Stored items from a collection:
--------------------------------
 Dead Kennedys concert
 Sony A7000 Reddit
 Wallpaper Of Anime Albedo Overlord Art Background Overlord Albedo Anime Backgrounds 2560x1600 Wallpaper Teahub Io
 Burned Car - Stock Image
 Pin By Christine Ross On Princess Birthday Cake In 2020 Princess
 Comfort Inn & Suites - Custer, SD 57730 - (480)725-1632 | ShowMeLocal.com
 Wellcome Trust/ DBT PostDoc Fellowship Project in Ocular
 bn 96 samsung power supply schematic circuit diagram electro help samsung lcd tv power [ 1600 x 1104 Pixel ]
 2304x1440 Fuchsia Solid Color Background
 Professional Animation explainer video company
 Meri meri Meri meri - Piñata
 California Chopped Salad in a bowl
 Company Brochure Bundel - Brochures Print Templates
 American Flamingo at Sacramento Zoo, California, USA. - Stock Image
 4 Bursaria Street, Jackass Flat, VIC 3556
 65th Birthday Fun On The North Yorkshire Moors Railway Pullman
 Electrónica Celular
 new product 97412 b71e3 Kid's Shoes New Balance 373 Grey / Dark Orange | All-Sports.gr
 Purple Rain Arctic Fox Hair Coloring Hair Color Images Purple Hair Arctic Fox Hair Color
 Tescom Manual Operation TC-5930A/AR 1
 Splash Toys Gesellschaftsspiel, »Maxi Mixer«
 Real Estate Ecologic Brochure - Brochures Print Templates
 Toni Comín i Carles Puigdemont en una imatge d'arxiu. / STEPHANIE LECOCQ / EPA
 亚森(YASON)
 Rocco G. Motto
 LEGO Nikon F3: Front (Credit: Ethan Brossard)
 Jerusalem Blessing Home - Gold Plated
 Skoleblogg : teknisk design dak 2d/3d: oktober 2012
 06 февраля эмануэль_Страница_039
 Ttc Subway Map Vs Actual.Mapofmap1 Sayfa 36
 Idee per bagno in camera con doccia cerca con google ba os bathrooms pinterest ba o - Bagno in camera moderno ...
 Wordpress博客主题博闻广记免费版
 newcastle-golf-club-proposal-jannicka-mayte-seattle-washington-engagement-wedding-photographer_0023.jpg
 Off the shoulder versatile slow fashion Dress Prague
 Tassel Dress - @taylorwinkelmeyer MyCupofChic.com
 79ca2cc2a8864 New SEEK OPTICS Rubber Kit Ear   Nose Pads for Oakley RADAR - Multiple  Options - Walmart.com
--------------------------------
-- Your goal --
Only the lines from the one with "LEGO Nikon F3: Front" through the last line above should be restated, word for word.

-- Task answer --
 LEGO Nikon F3: Front (Credit: Ethan Brossard)
 Jerusalem Blessing Home - Gold Plated
 Skoleblogg : teknisk design dak 2d/3d: oktober 2012
 06 февраля эмануэль_Страница_039
 Ttc Subway Map Vs Actual.Mapofmap1 Sayfa 36
 Idee per bagno in camera con doccia cerca con google ba os bathrooms pinterest ba o - Bagno in camera moderno ...
 Wordpress博客主题博闻广记免费版
 newcastle-golf-club-proposal-jannicka-mayte-seattle-washington-engagement-wedding-photographer_0023.jpg
 Off the shoulder versatile slow fashion Dress Prague
 Tassel Dress - @taylorwinkelmeyer MyCupofChic.com
 79ca2cc2a8864 New SEEK OPTICS Rubber Kit Ear   Nose Pads for Oakley RADAR - Multiple  Options - Walmart.com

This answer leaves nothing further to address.